Available data:
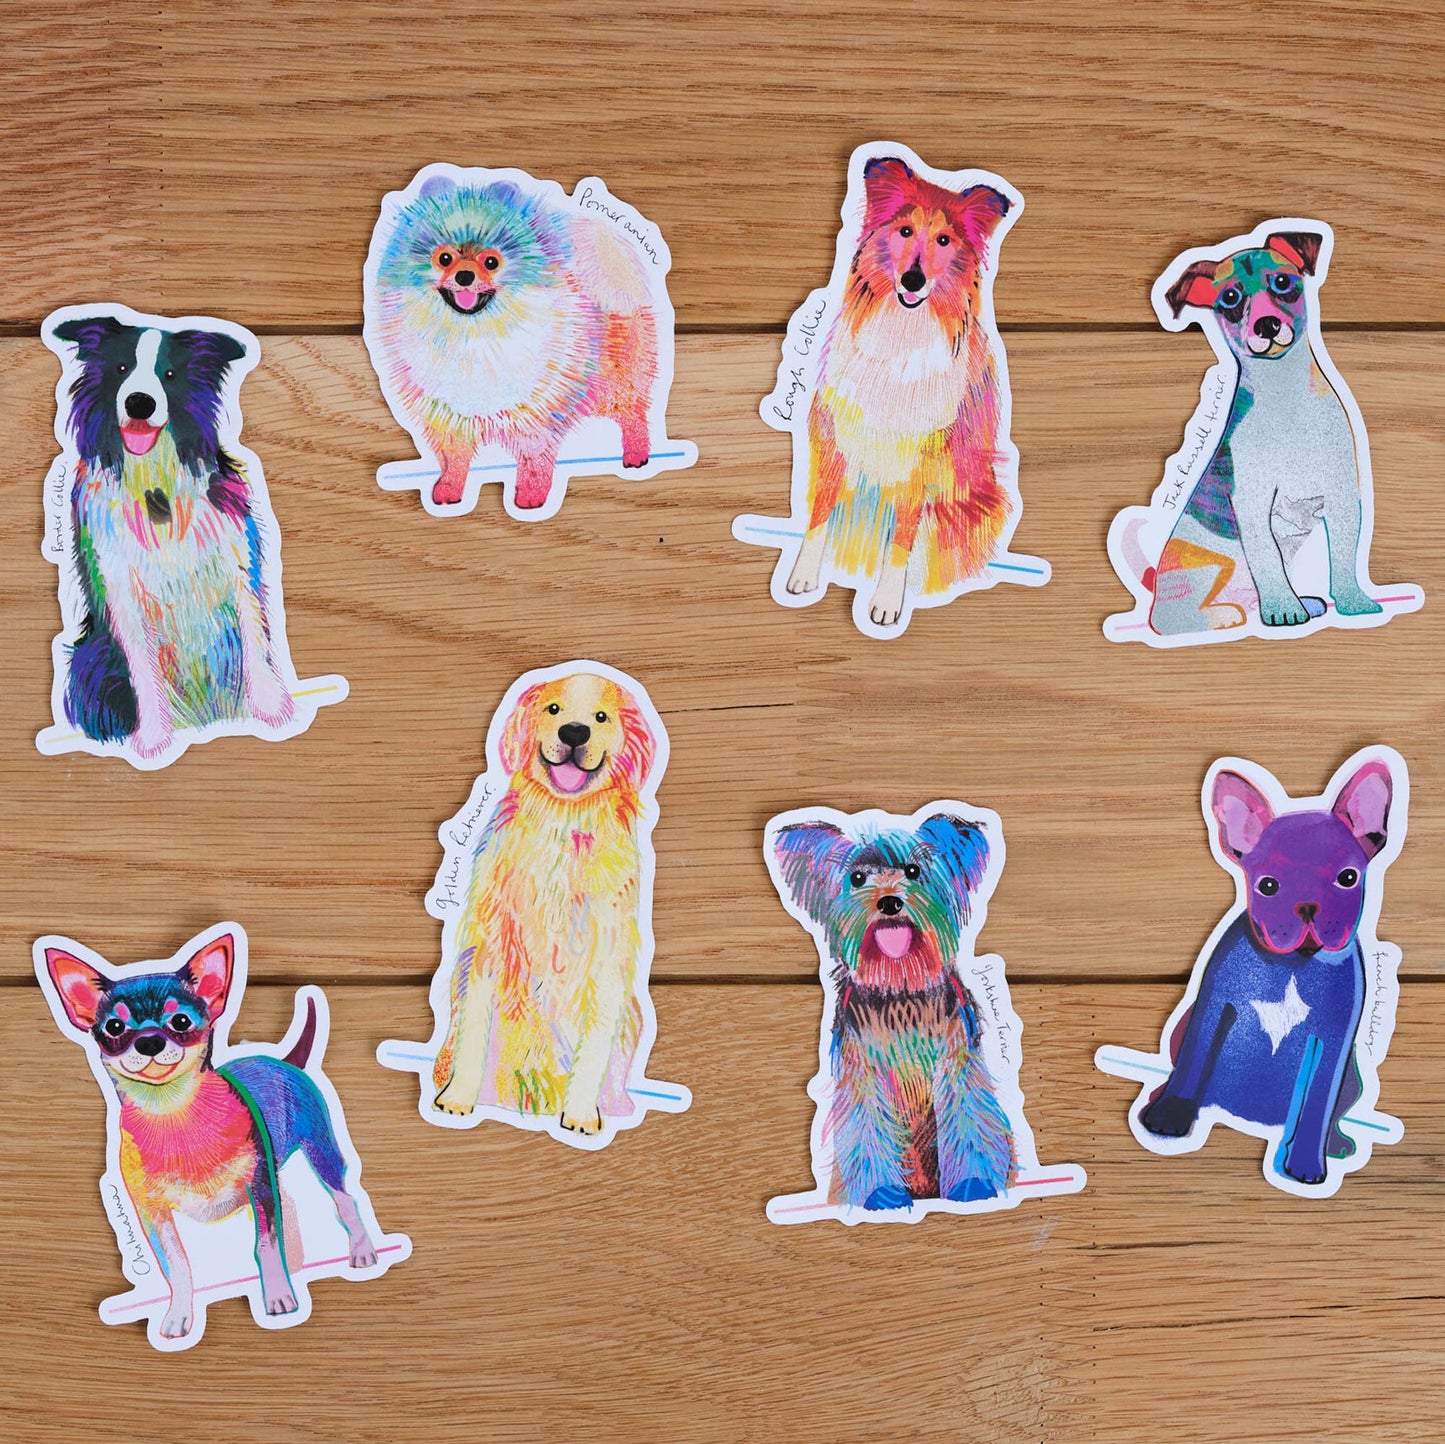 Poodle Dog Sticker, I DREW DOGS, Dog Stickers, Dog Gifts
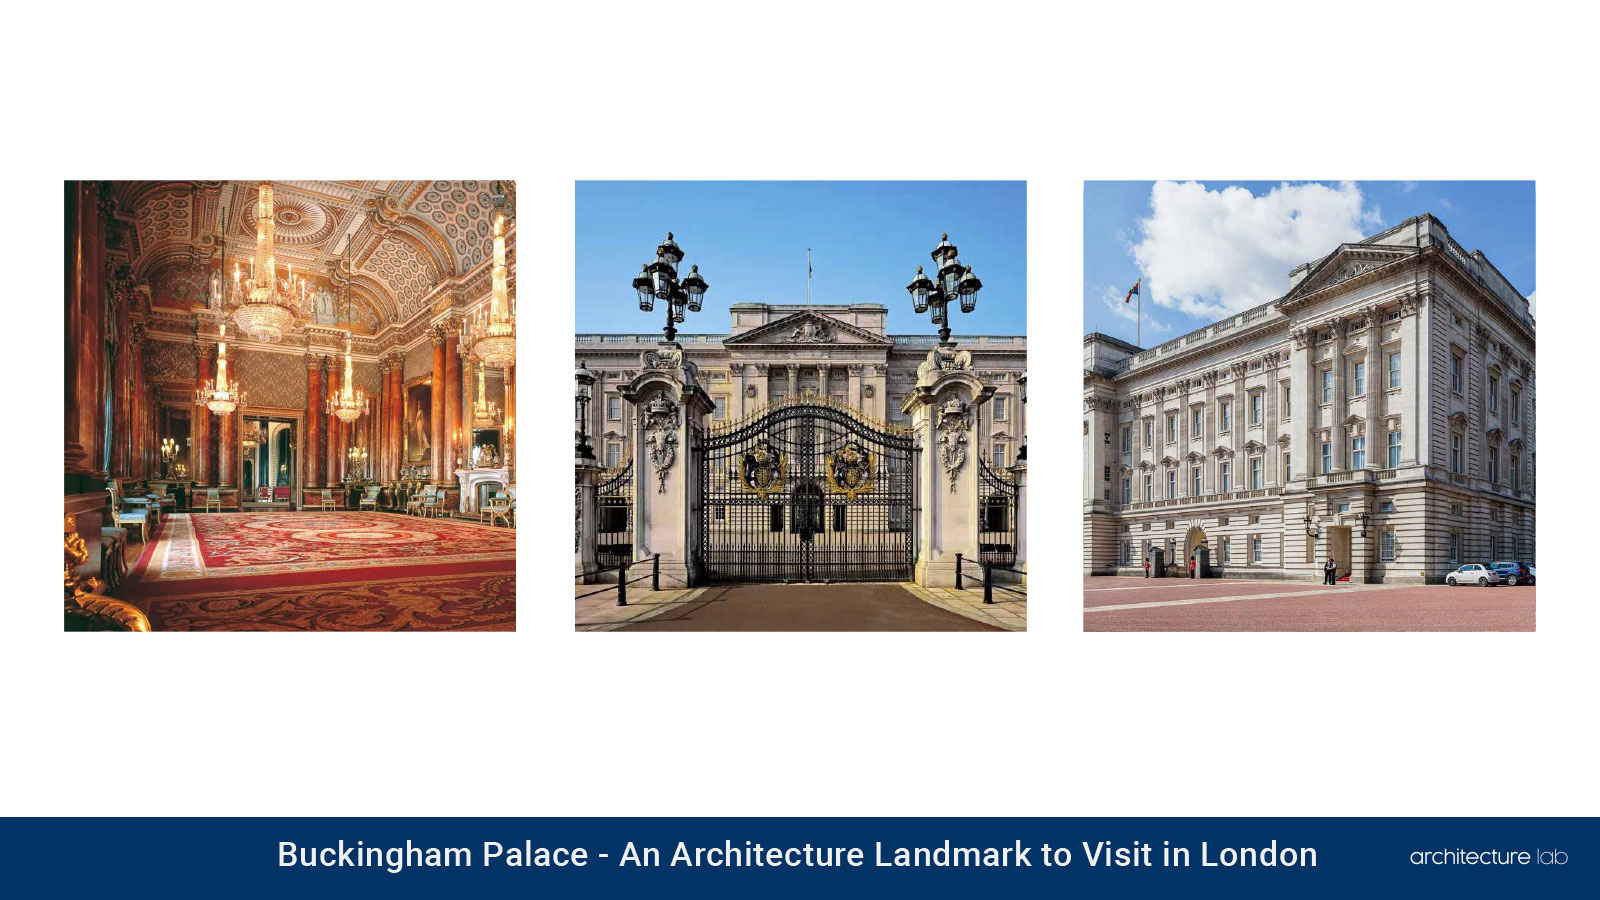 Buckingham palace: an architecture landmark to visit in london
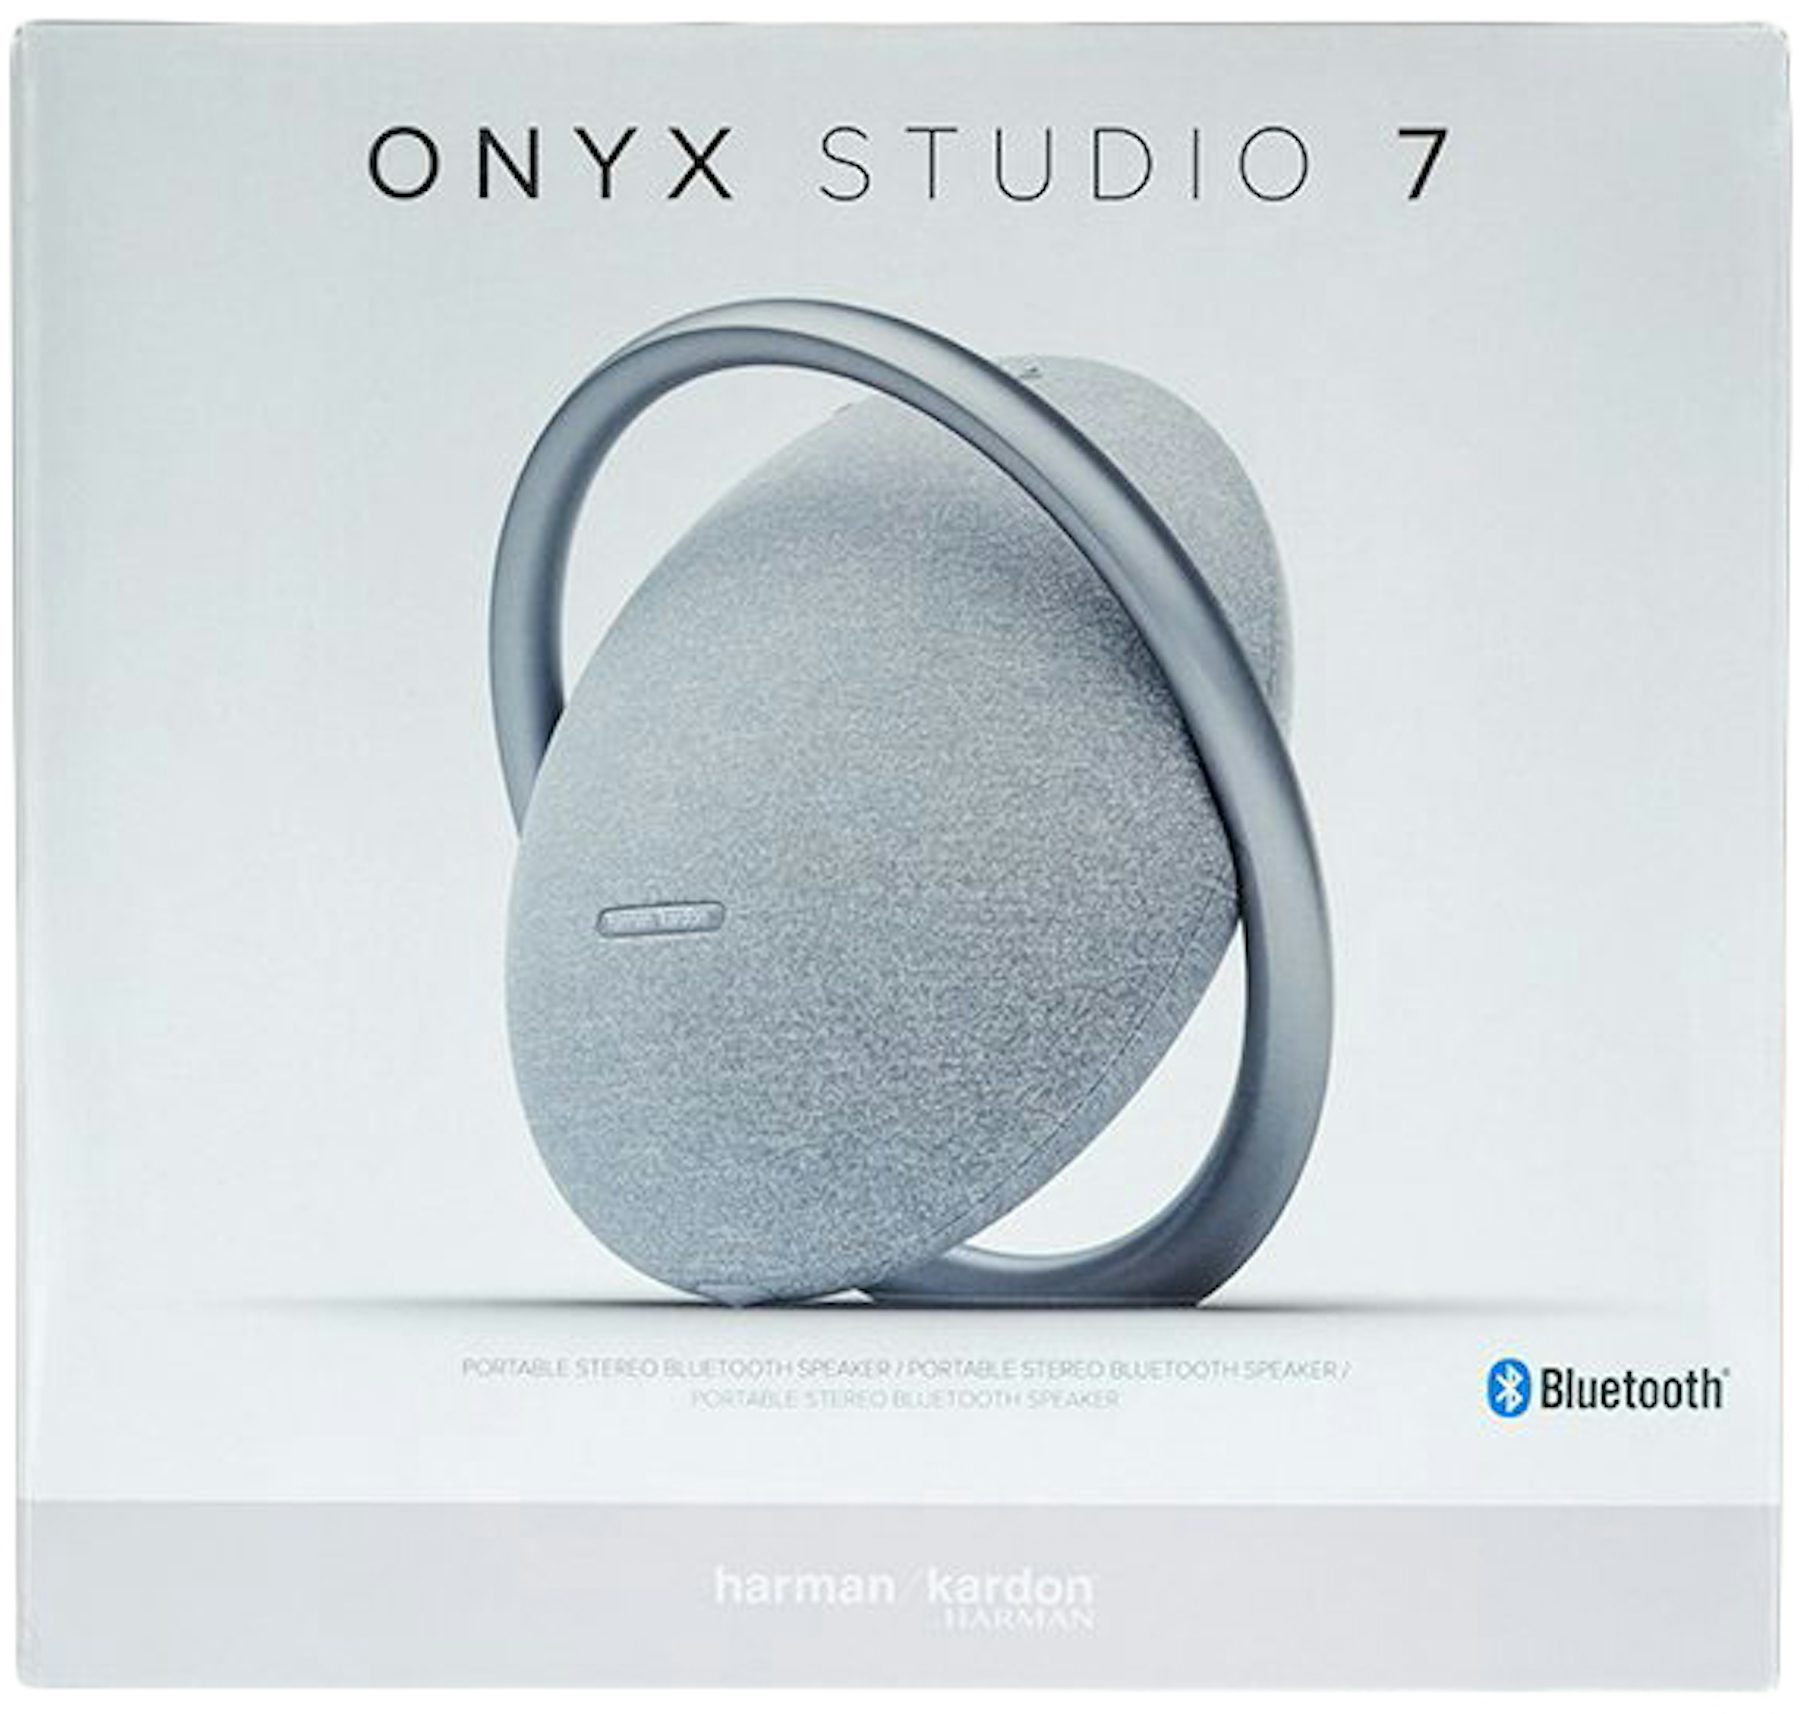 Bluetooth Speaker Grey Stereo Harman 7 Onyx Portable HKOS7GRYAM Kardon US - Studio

Exercise directions:
For this exercise, restate the material exactly and skip every picture.

Task answer:
 Poodle Dog Sticker, I DREW DOGS, Dog Stickers, Dog Gifts
 Buckingham palace: an architecture landmark to visit in london
 Bluetooth Speaker Grey Stereo Harman 7 Onyx Portable HKOS7GRYAM Kardon US - Studio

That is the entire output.